The Quantum Exact Simulation Toolkit v4.0.0
Loading...
Searching...
No Matches
🏗️  Architecture

All user-visible API signatures are contained in include/, divided into semantic submodules (like calculations.h and qureg.h), but all exposed by quest.h. They are all strictly C and C++ compatible, hence their .h file extension.

The source code within src/ is divided between five subdirectories, listed below in order of increasing control flow depth. All code is parsed strictly by C++, hence all files have .cpp and .hpp extensions.

  • api/

    ‍contains definitions of the API, directly callable by users (in C or C++, so it contains de-mangling guards). Functions are divided between files therein similarly to include/, and they call only core/ functions.

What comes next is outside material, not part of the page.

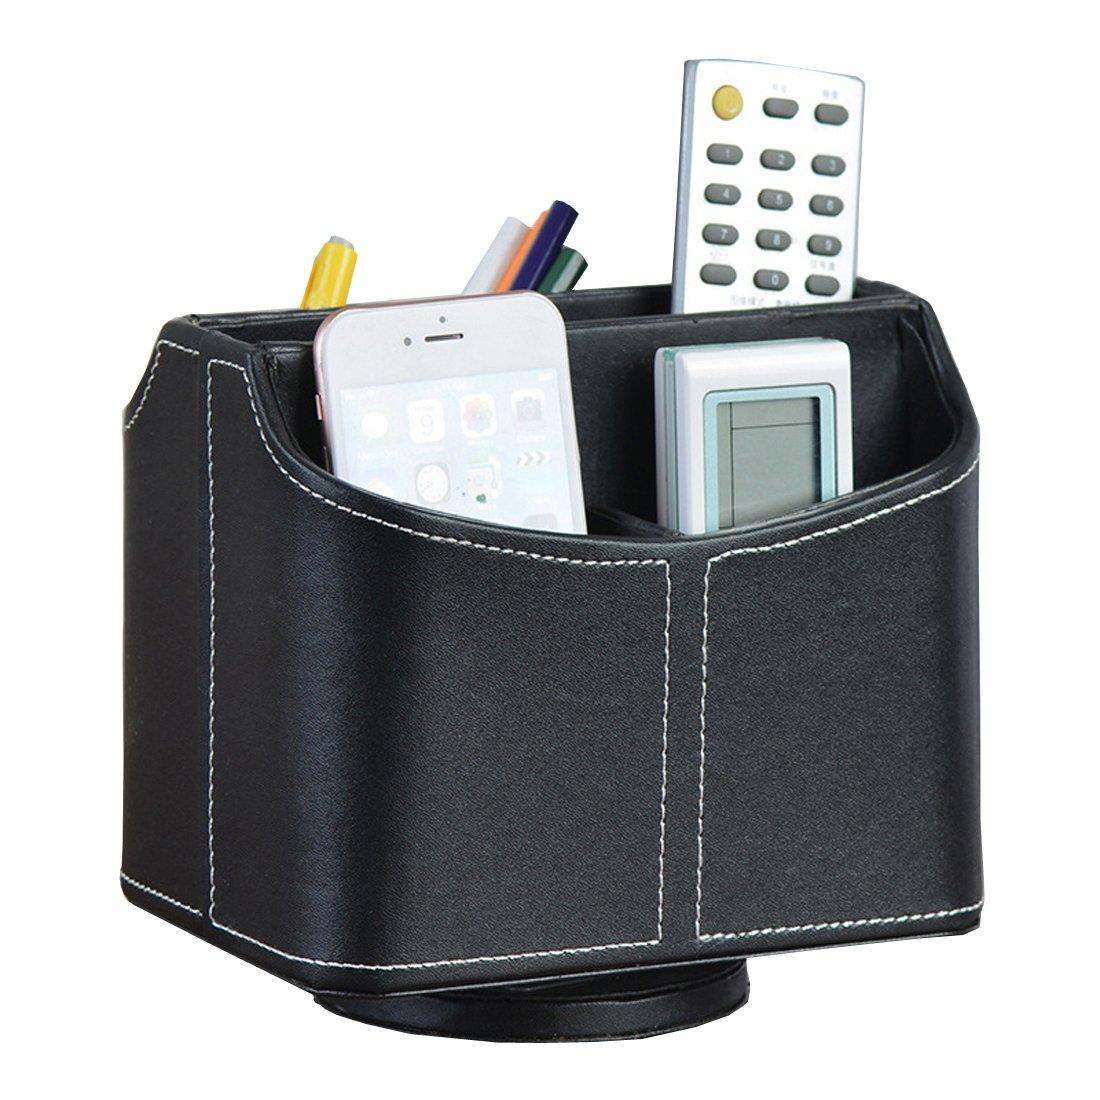 Giratorio caja de oficina almacenaje casa oficina de organizador de escritorio giratoria Bolígrafo Portalápices Contenedor Caja de joyería f62f5c

  • core/ contains internal non-simulation functions like user-input validaters, non-accelerated maths, and dispatchers to hardware-accelerated backends.
  • comm/ contains functions needed for exchanging data between distributed nodes, as invoked by the core/ layer before hardware-accelerated backends.
  • cpu/ constitutes the multithreaded CPU backend, containing OpenMP-accelerated subroutines and (potentially) AVX intrinsics.
  • gpu/ constitutes the GPU backend, containing CUDA-accelerated subroutines, GPU hardware queriers, interfaces to CUDA libraries (like Thrust and cuQuantum), and wrappers for AMD/HIP compatibility. Note that some files therein have suffix .cpp in lieu of .cu, because they are permittedly parsed by non-CUDA compilers when disabling GPU-acceleration at compile-time.

The control flow from the user interface (quest.h) to the hardware-accelerated simulation subroutines is mostly captured by:

  • include/quest.h
  • api/*
  • core/validation
    • core/memory
    • gpu/gpu_config
    • comm/comm_config
  • core/utilities
  • core/localiser
    • comm/comm_routines
  • core/accelerator
    • cpu/cpu_subroutines
    • gpu/gpu_subroutines
      • gpu/gpu_kernels
      • gpu/gpu_thrust
      • gpu/gpu_cuquantum

Every API function first validates the user given inputs via core/validation.cpp, which in-turn may consult hardware facilities like available RAM (via core/memory.cpp) and VRAM (via gpu/gpu_config.cpp), or the distributed configuration (via comm/comm_config.cpp). Simulation API functions will then invoke core/localiser.cpp which checks whether distributed data exchange is necessary in order for all subsequently needed data to become locally available. If so, it invokes functions of comm/comm_routines.cpp, then proceeds. Stage core/accelerator.cpp chooses whether to process the (potentially just received) data using the CPU (accelerating with OpenMP) or the GPU (accelerating with CUDA). GPU-acceleration can involve dispatching to custom kernels (in gpu/cpu_kernels.cpp), or Thrust routines (in gpu/gpu_thrust.hpp), or alternatively to a cuQuantum routine (in gpu/gpu_cuquantum.hpp) if optionally compiled. At any call depth, functions within core/errors.cpp will be called to confirm preconditions.